*Available records*.
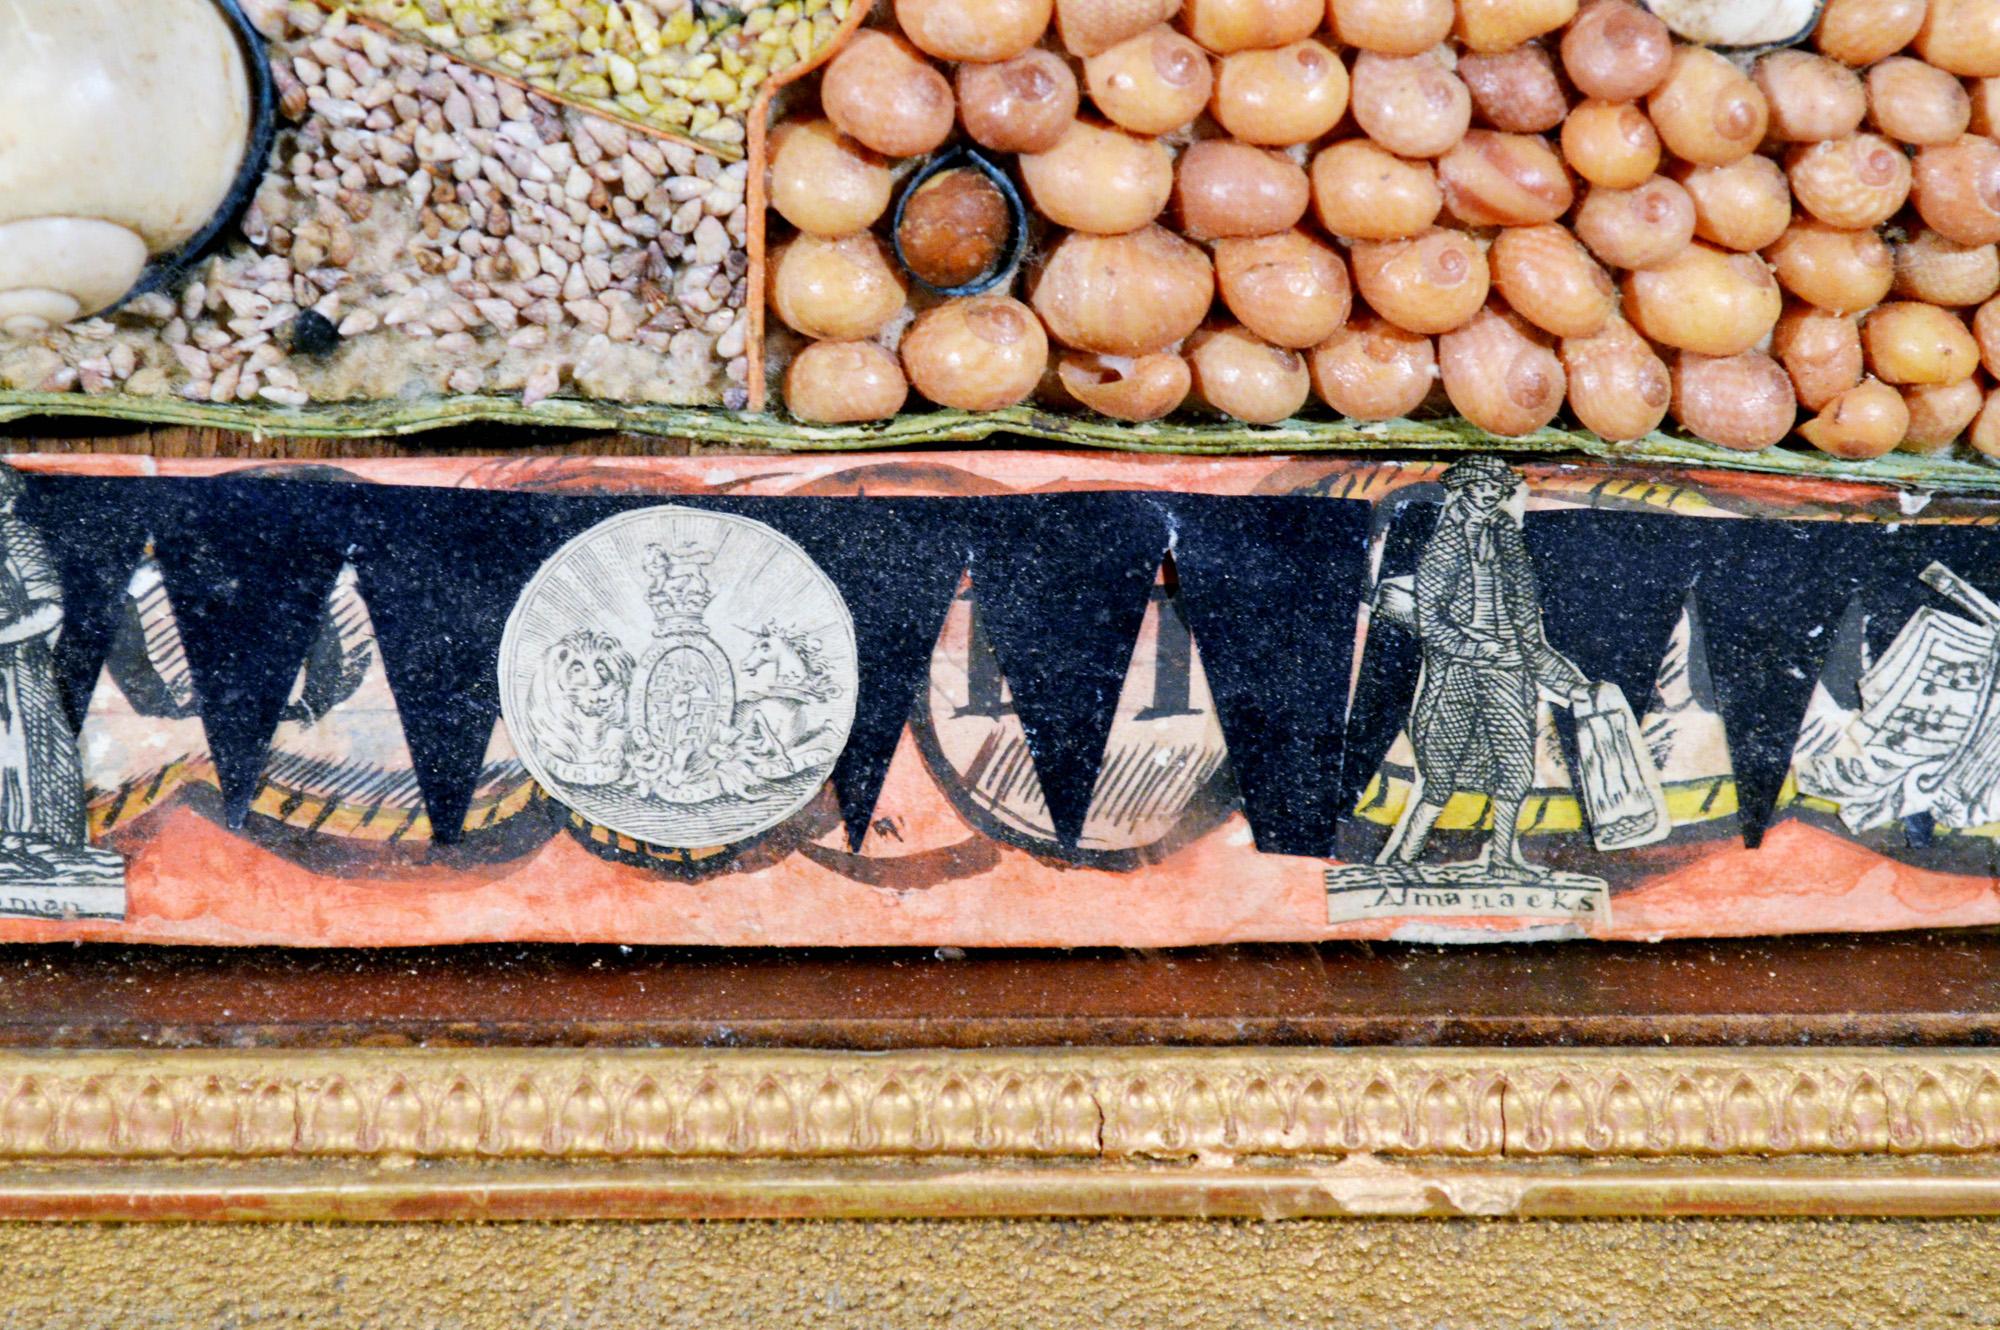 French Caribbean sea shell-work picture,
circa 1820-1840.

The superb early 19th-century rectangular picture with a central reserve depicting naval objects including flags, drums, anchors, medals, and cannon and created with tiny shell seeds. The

...

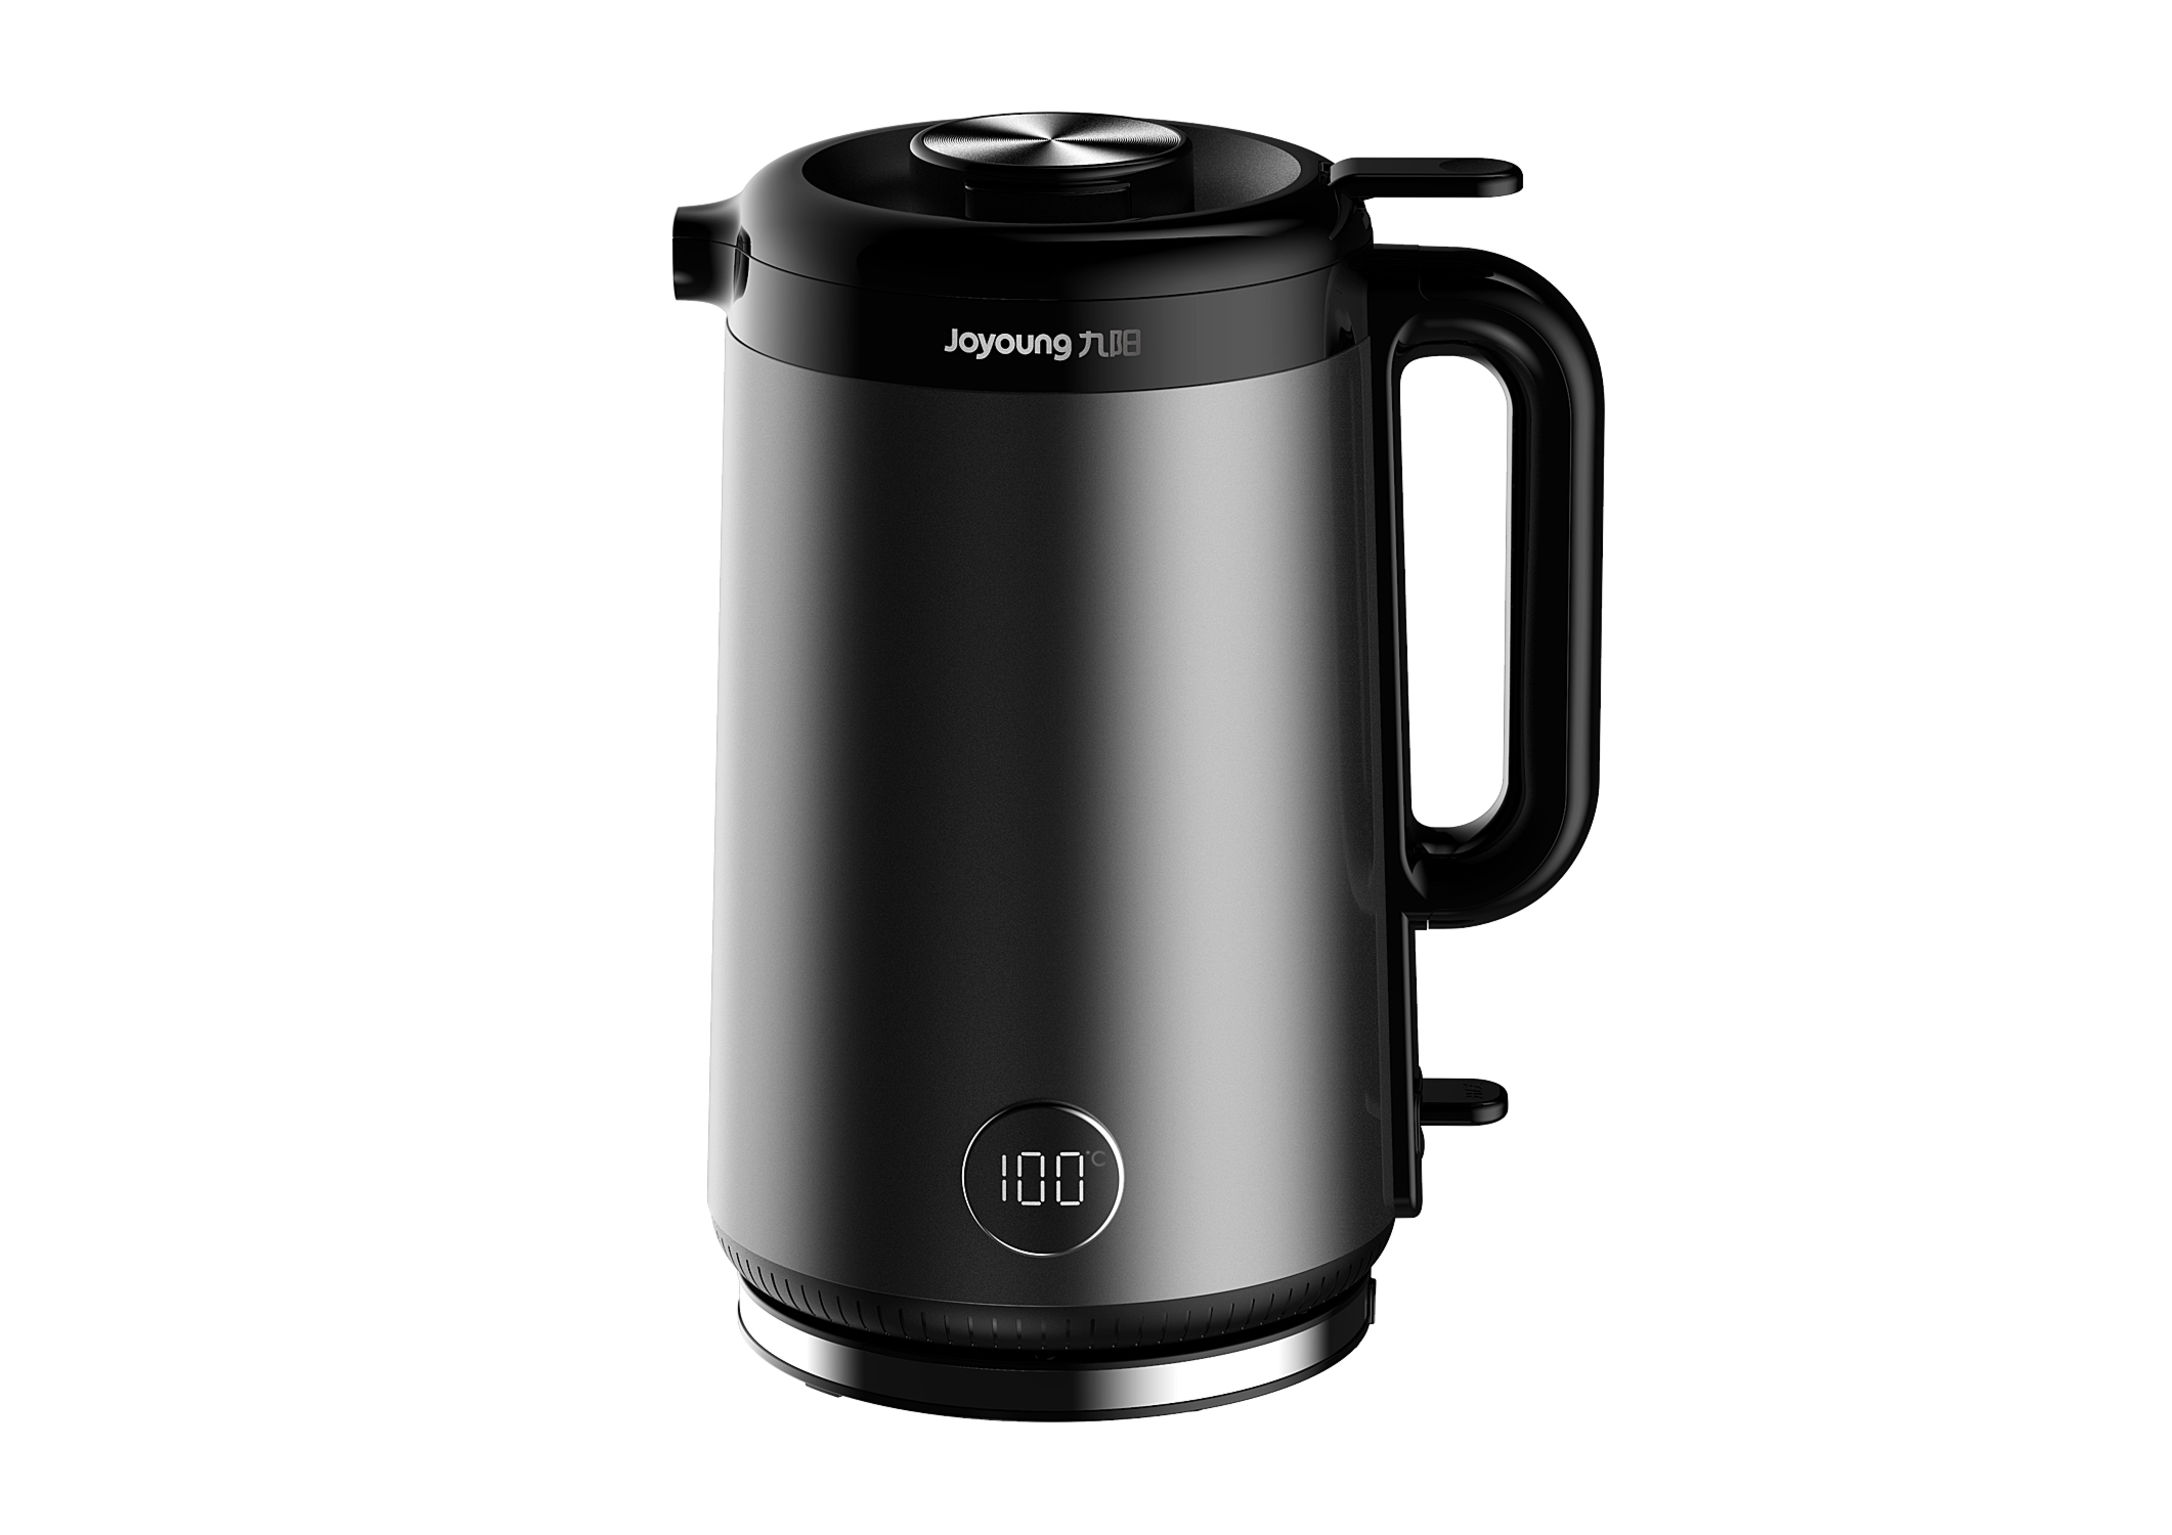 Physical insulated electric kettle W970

*Work to be completed*. Pictures do not belong in the answer. Return the lines above starting at the one with "French Caribbean sea" and ending at the one with "The superb early", both kept, exactly.

*Result*.
 French Caribbean sea shell-work picture,
circa 1820-1840.

The superb early 19th-century rectangular picture with a central reserve depicting naval objects including flags, drums, anchors, medals, and cannon and created with tiny shell seeds. The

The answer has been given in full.